● Provided data:
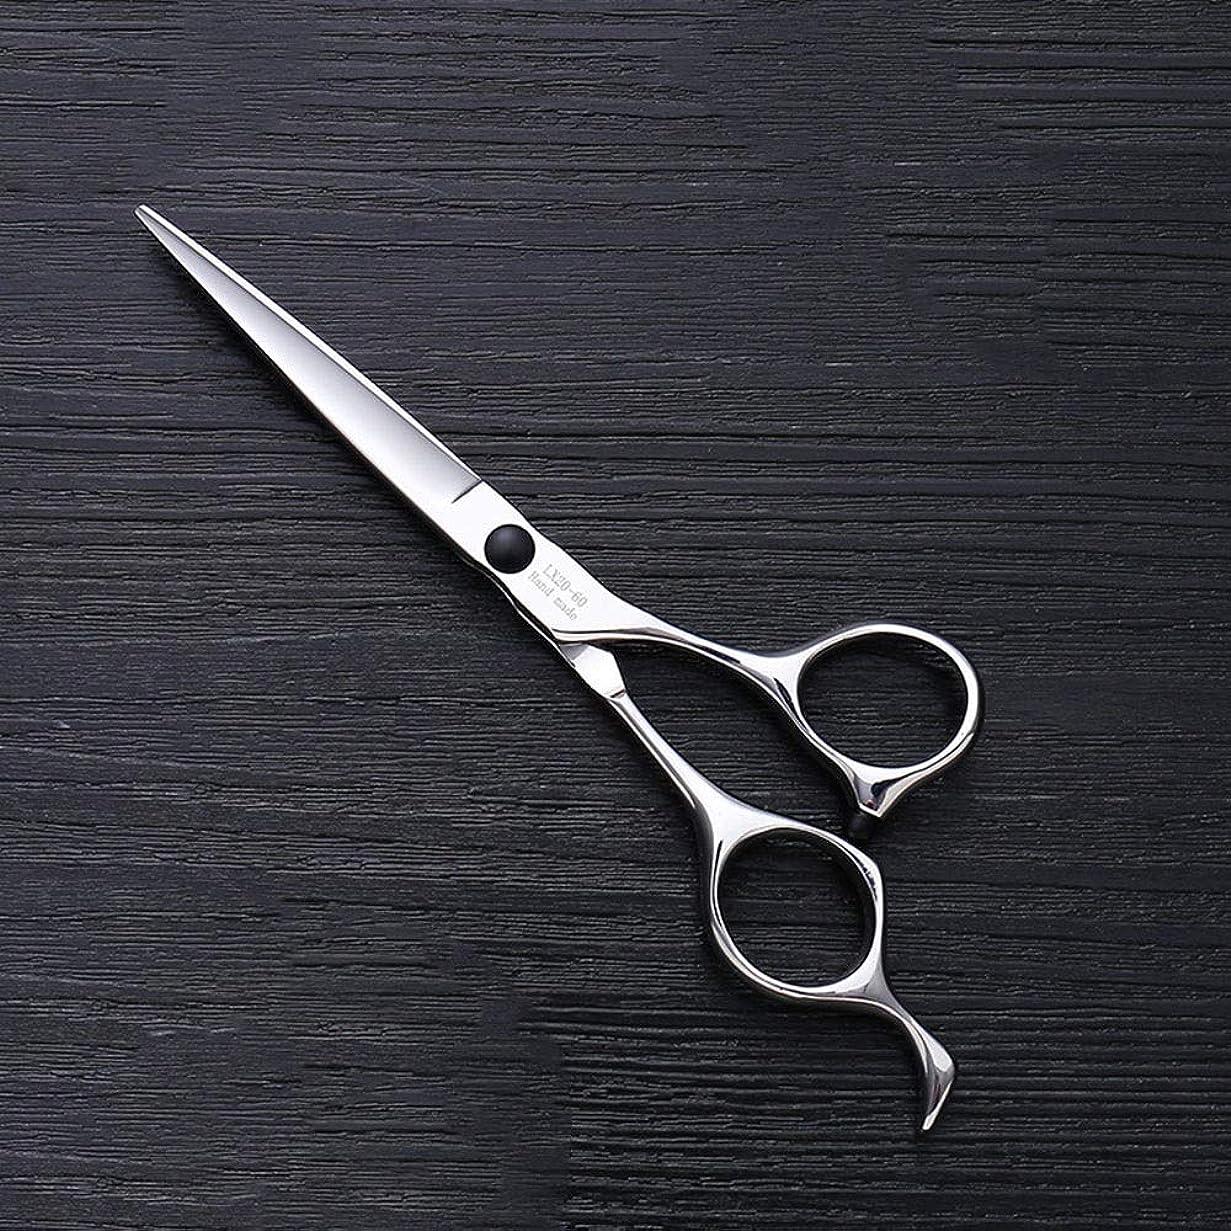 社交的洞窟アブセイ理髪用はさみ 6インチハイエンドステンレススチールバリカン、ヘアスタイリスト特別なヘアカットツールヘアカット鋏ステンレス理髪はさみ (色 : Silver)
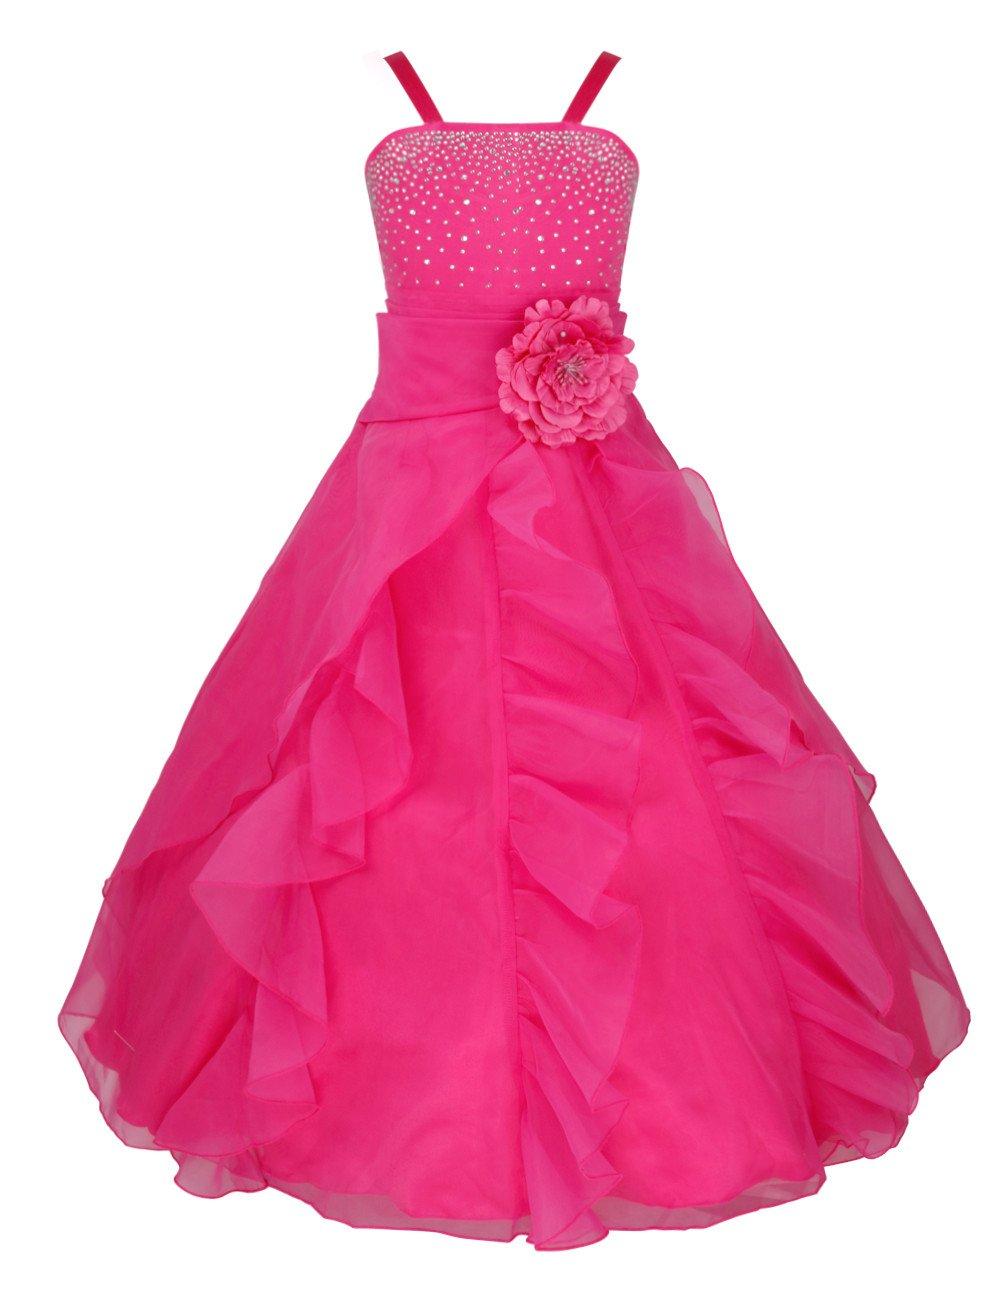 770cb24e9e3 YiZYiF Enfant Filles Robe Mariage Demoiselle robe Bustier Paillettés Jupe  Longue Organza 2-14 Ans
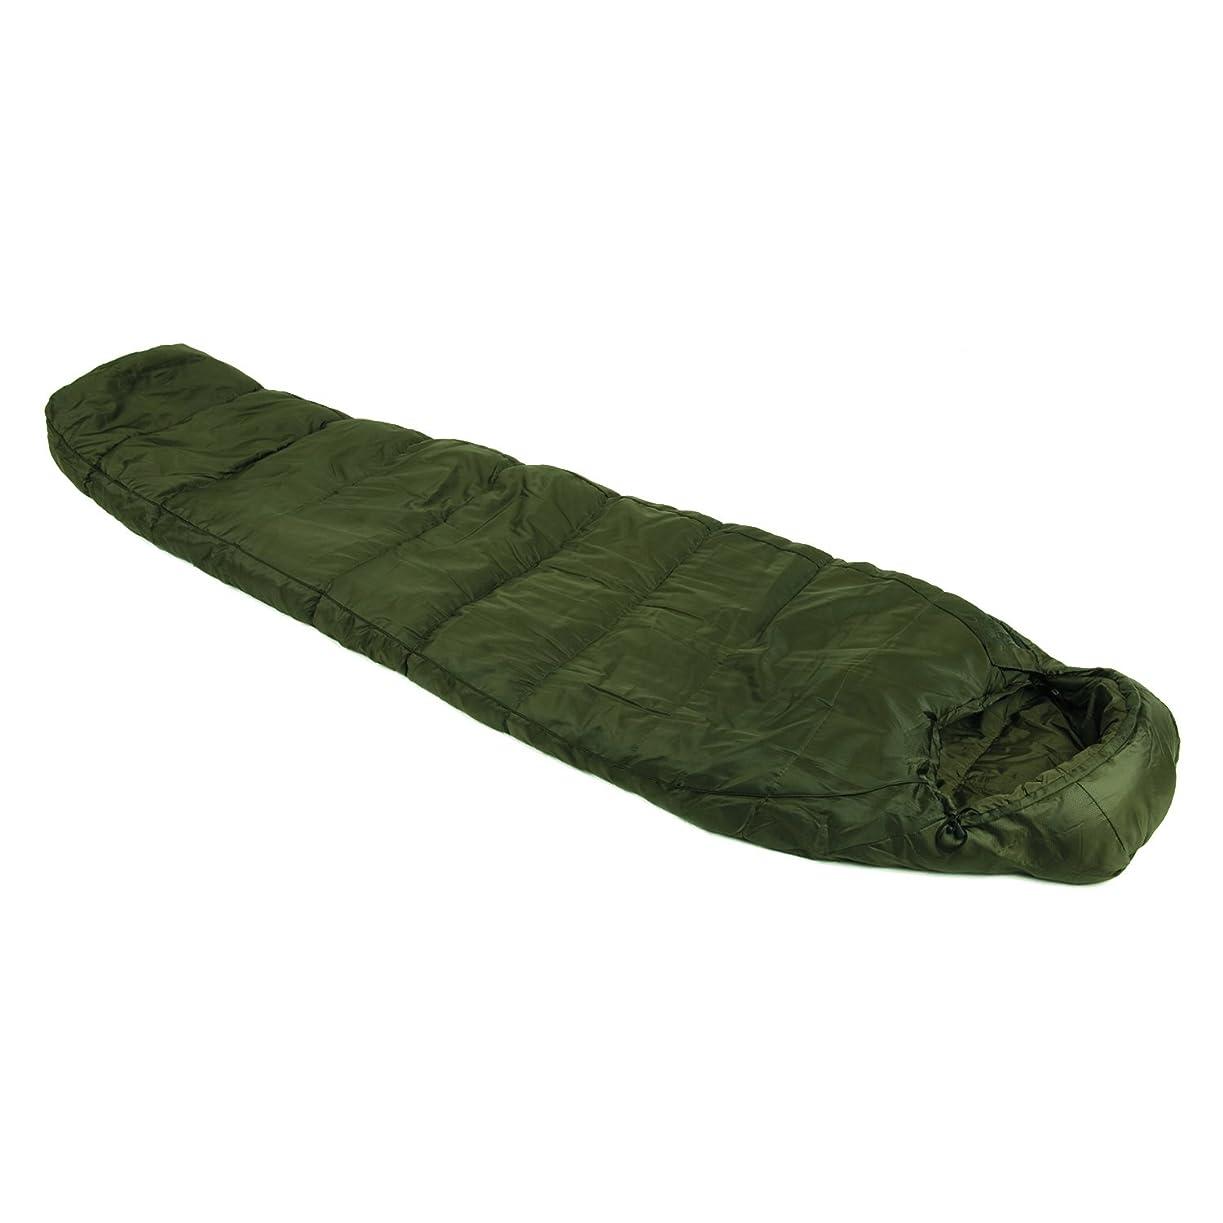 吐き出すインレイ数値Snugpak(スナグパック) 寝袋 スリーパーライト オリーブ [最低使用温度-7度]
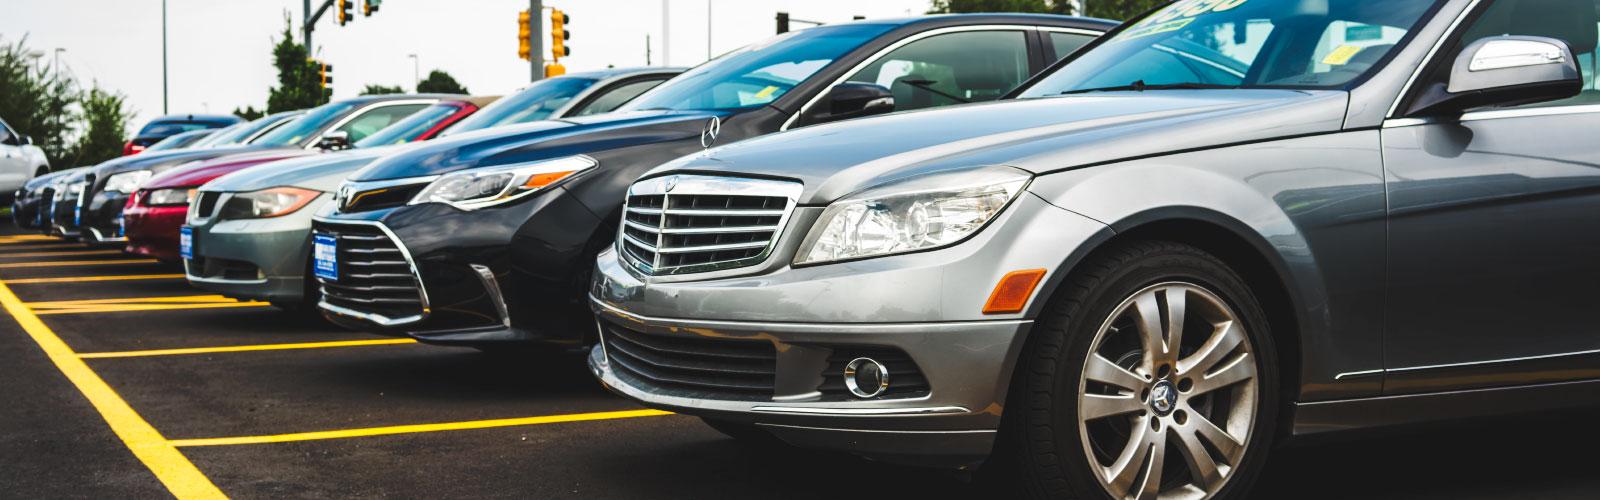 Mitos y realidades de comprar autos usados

● Task to carry out: Pictures excluded, output exactly the line that contains "吐き出すインレイ数値Snugpak(スナグパック) 寝袋 スリーパーライト" and every line after it to the end of the data above.

● Solution:
 吐き出すインレイ数値Snugpak(スナグパック) 寝袋 スリーパーライト オリーブ [最低使用温度-7度]
 Mitos y realidades de comprar autos usados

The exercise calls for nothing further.